:: DATASET CONTENT ::

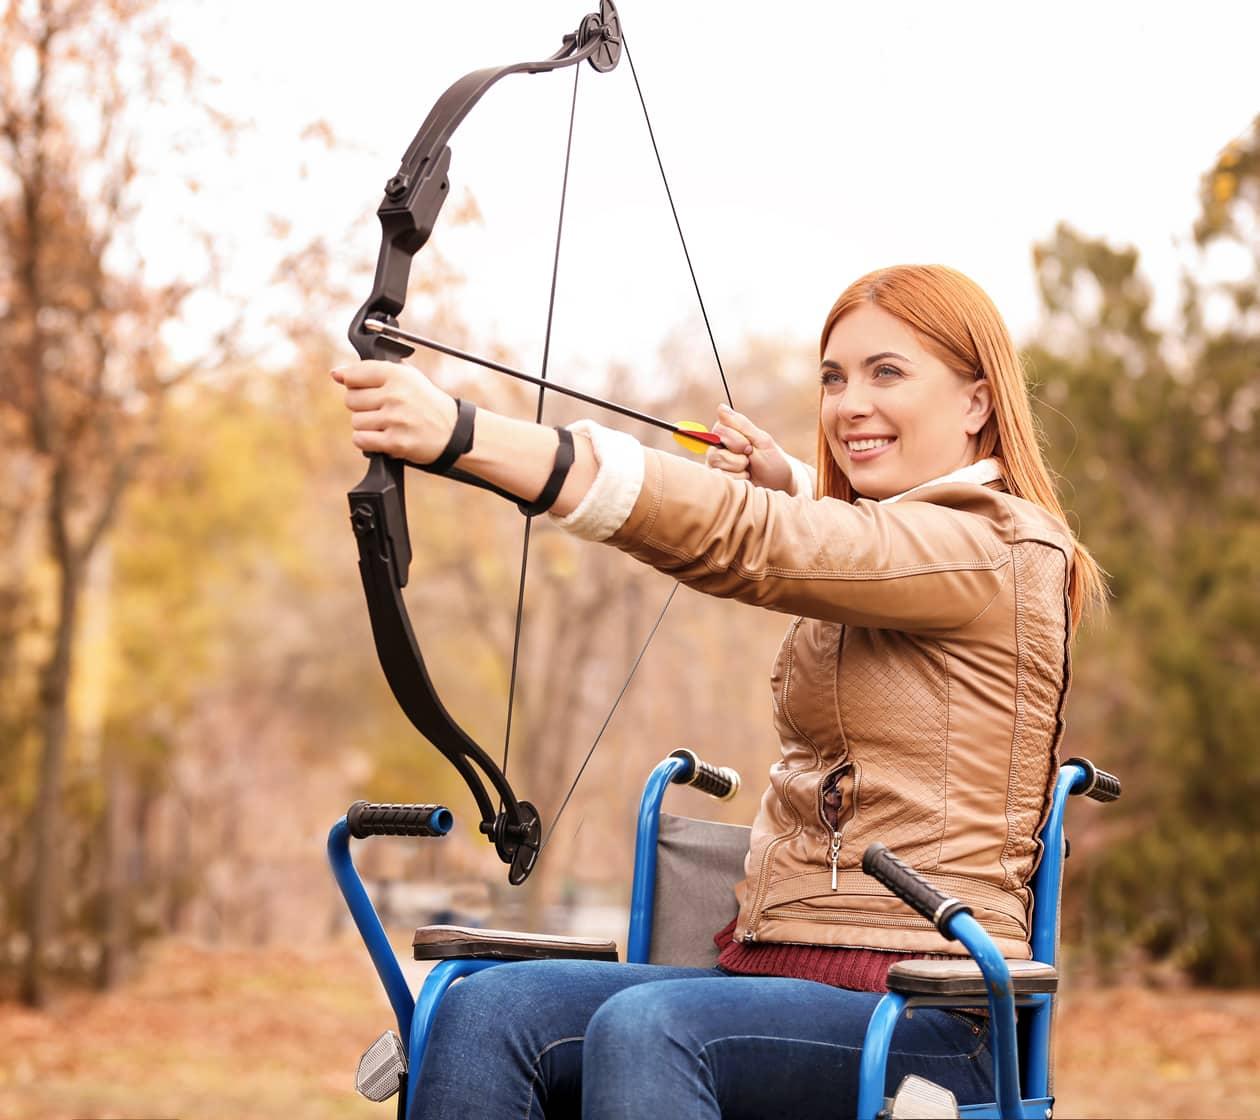 woman in wheelchair doing archery
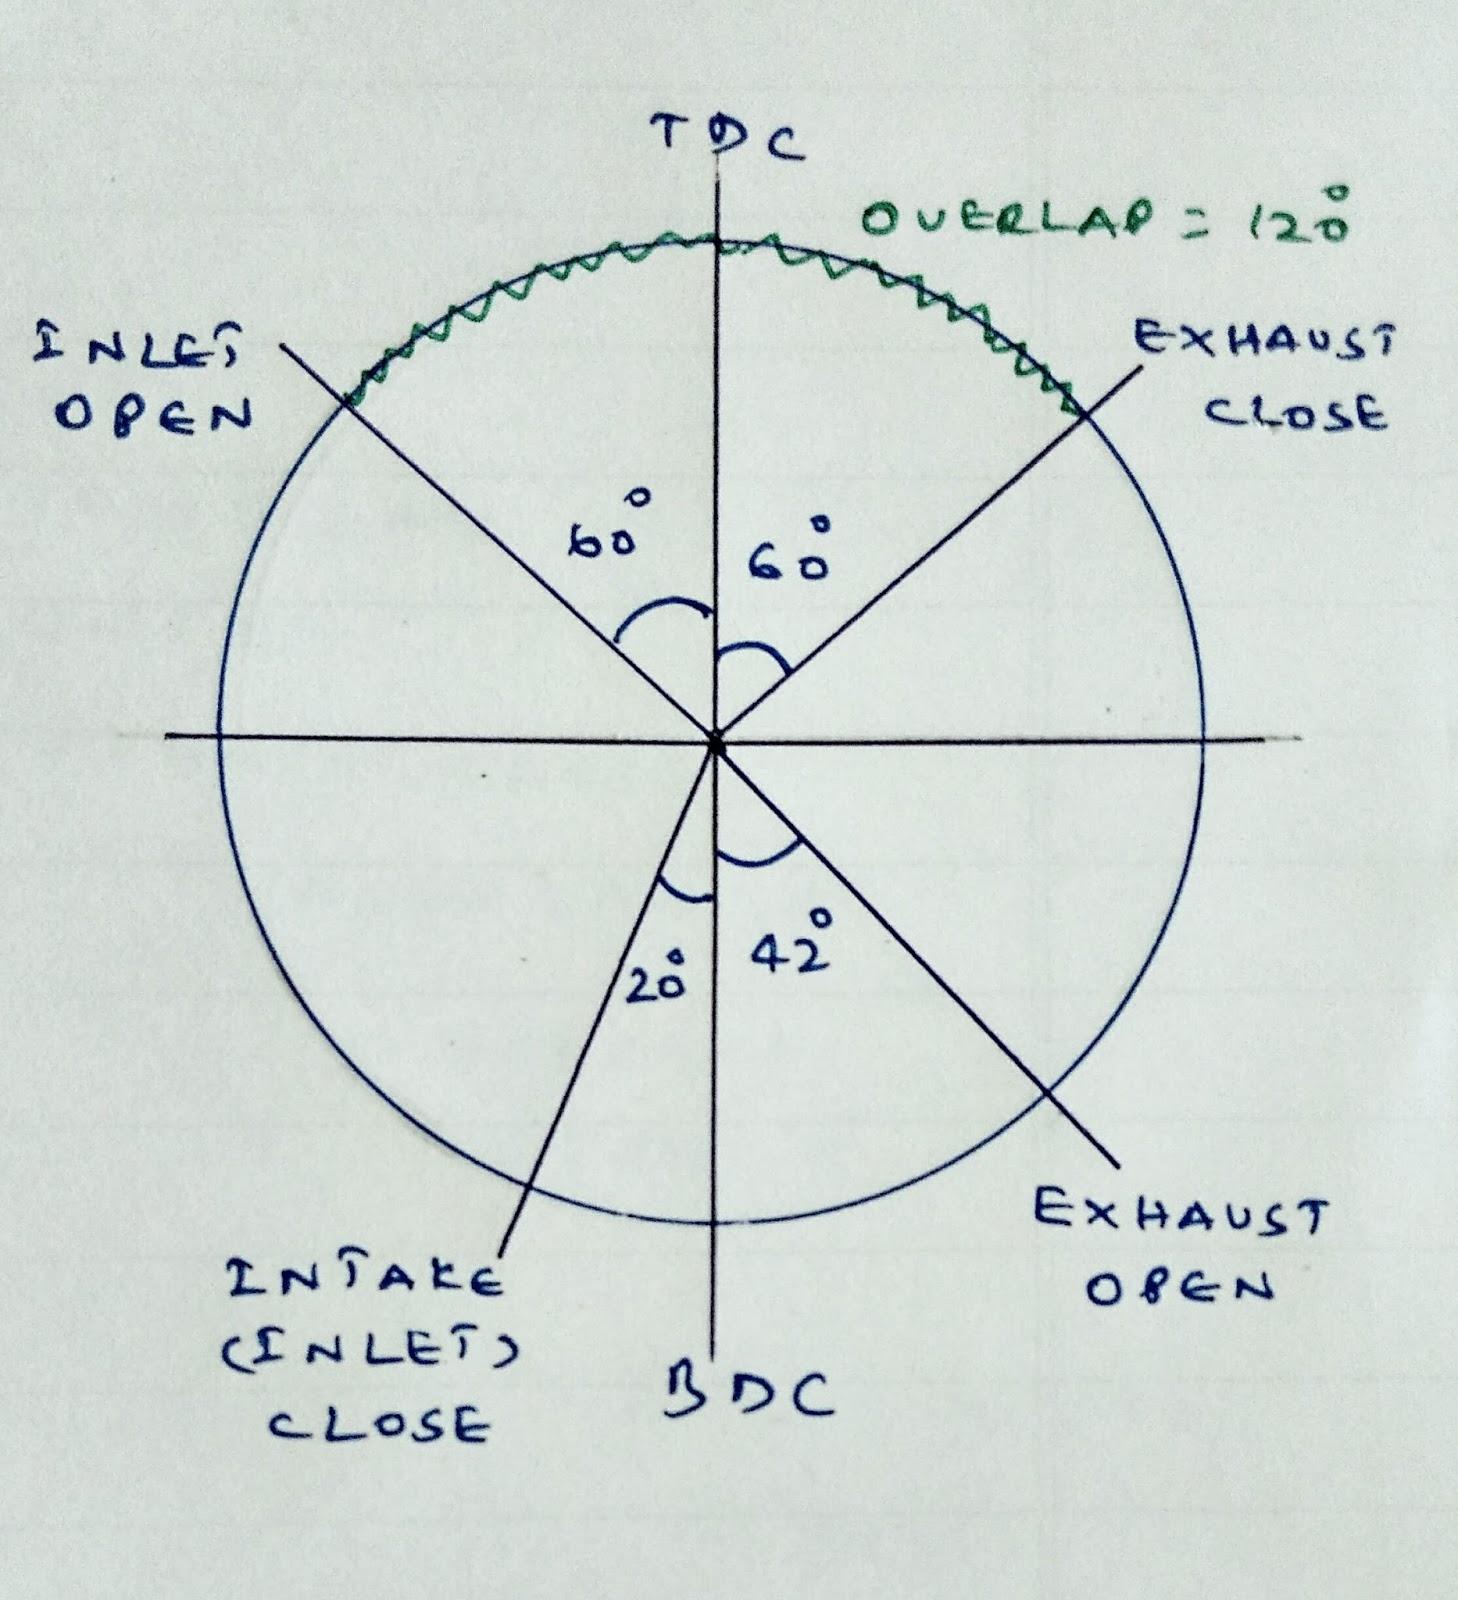 Valve Timing Diagram For 4 Stroke Diesel Engine 97 F150 Wiring Camshaft Chain
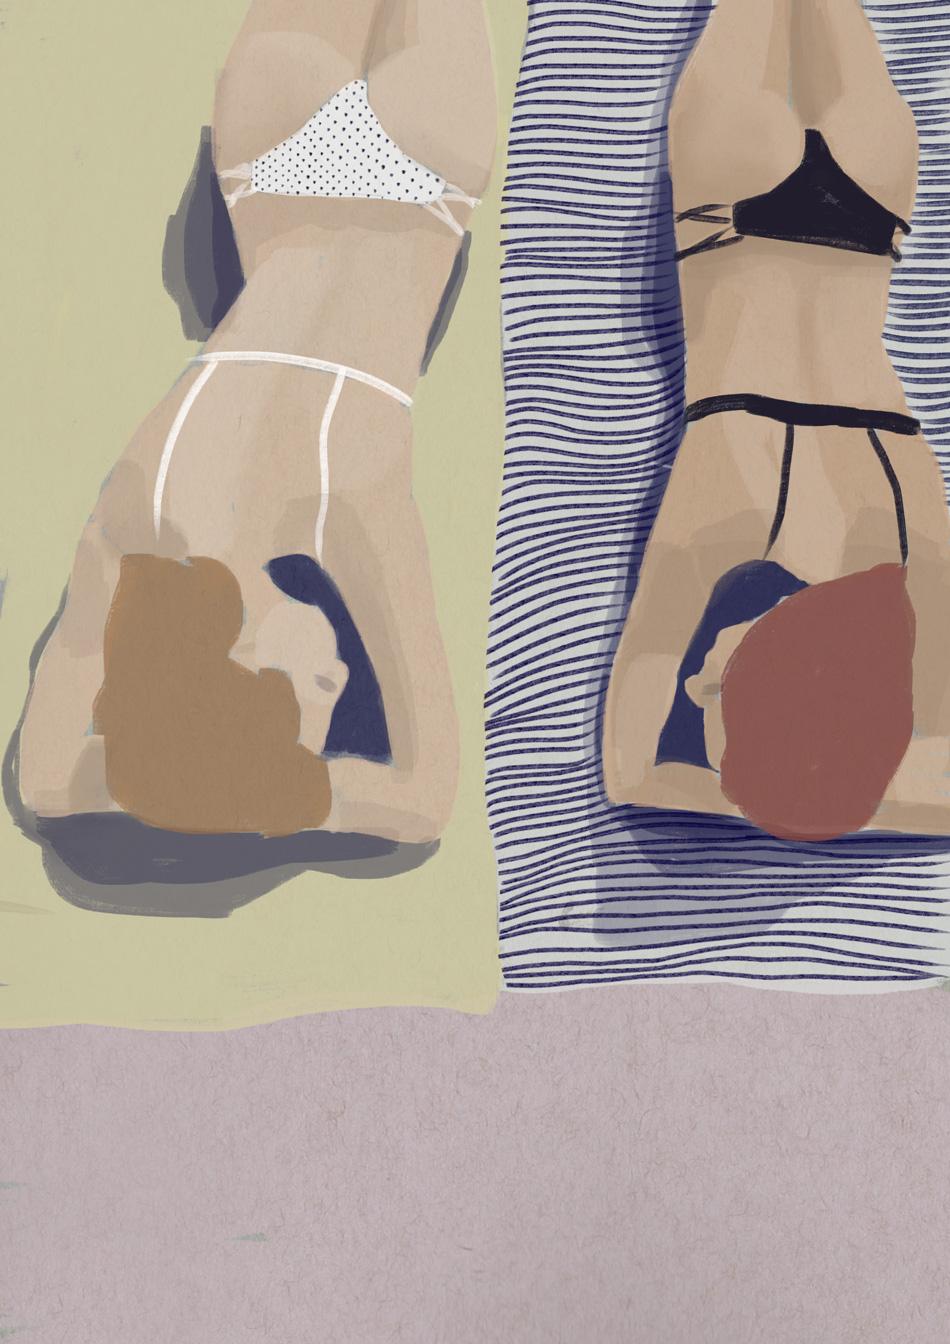 Life's-A-Beach-VII-by-Paola-van-der-Hulst
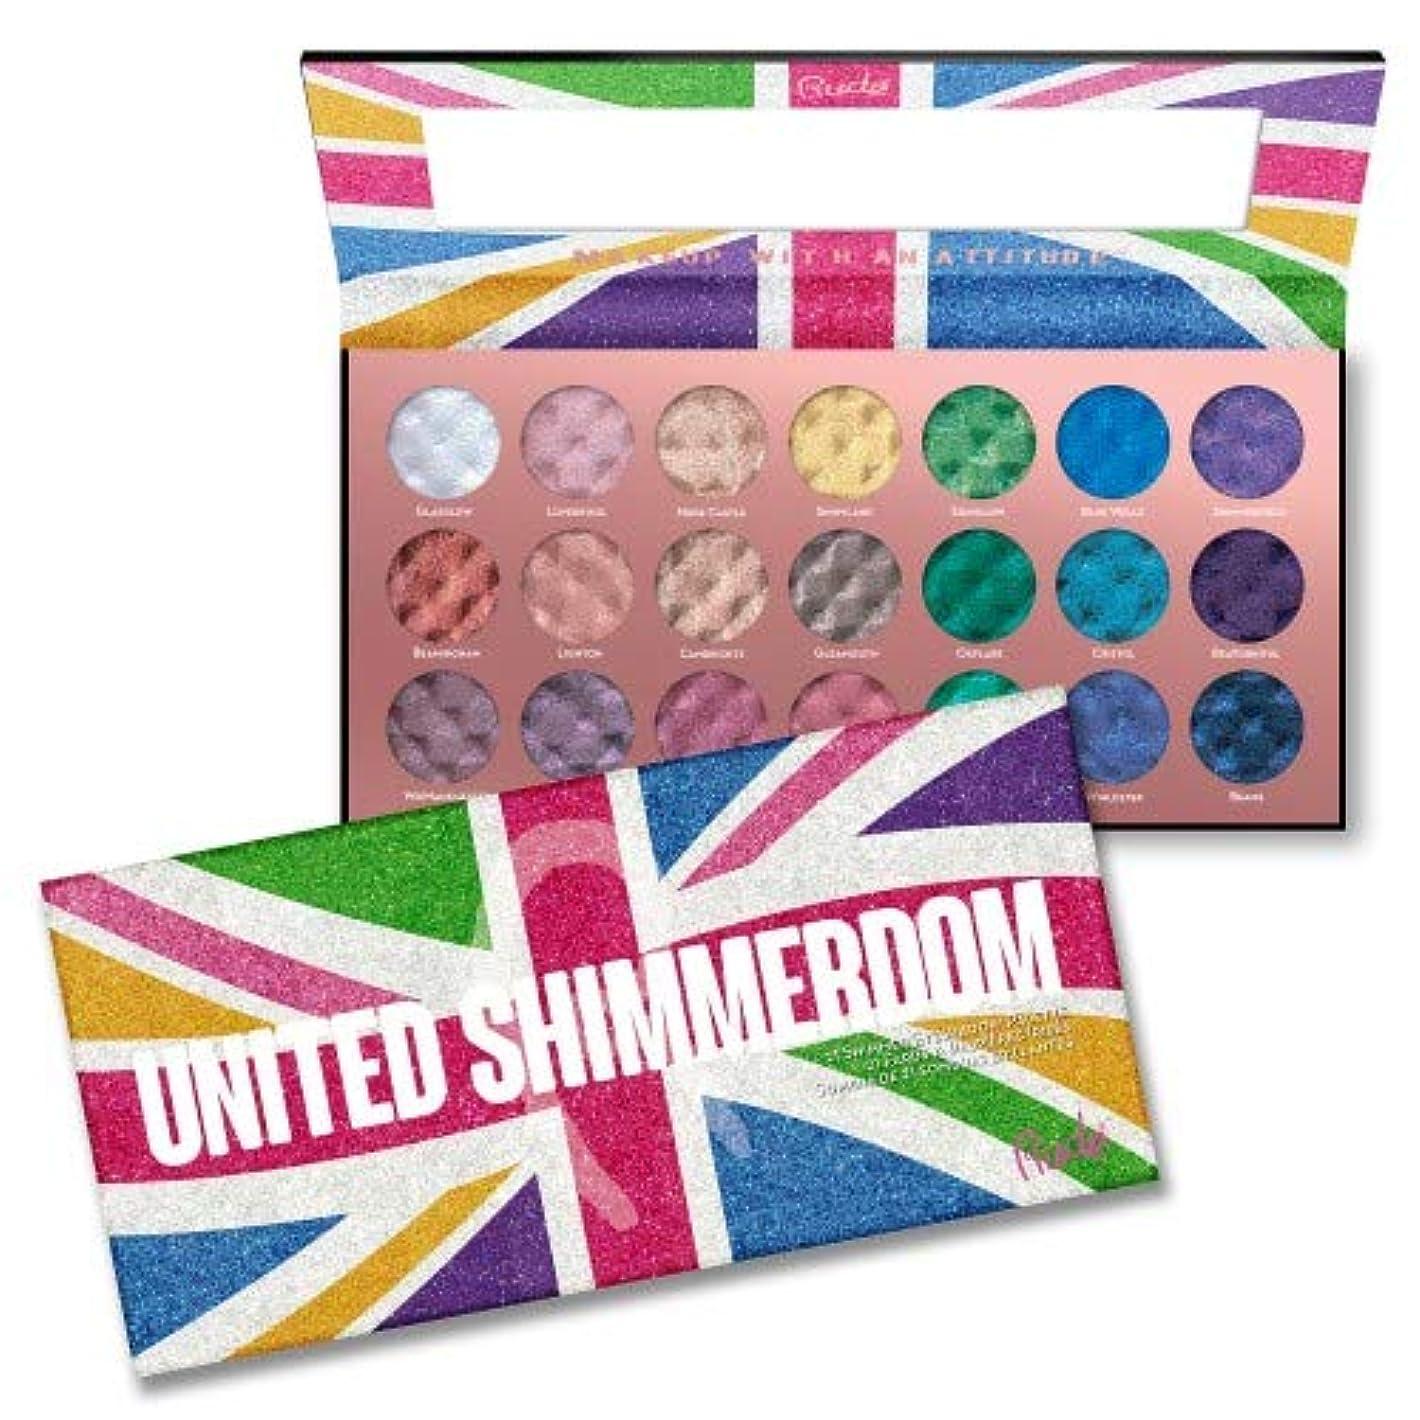 (3 Pack) RUDE United Shimmerdom - 21 Shimmer Eyeshadow Palette (並行輸入品)

:: EXERCISE OBJECTIVE ::
All lines above are to be restated word for word, with pictures excluded.

:: ANSWER TO THIS PROBLEM ::
 woman in wheelchair doing archery
 Valve Timing Diagram For 4 Stroke Diesel Engine 97 F150 Wiring Camshaft Chain
 Life's-A-Beach-VII-by-Paola-van-der-Hulst
 (3 Pack) RUDE United Shimmerdom - 21 Shimmer Eyeshadow Palette (並行輸入品)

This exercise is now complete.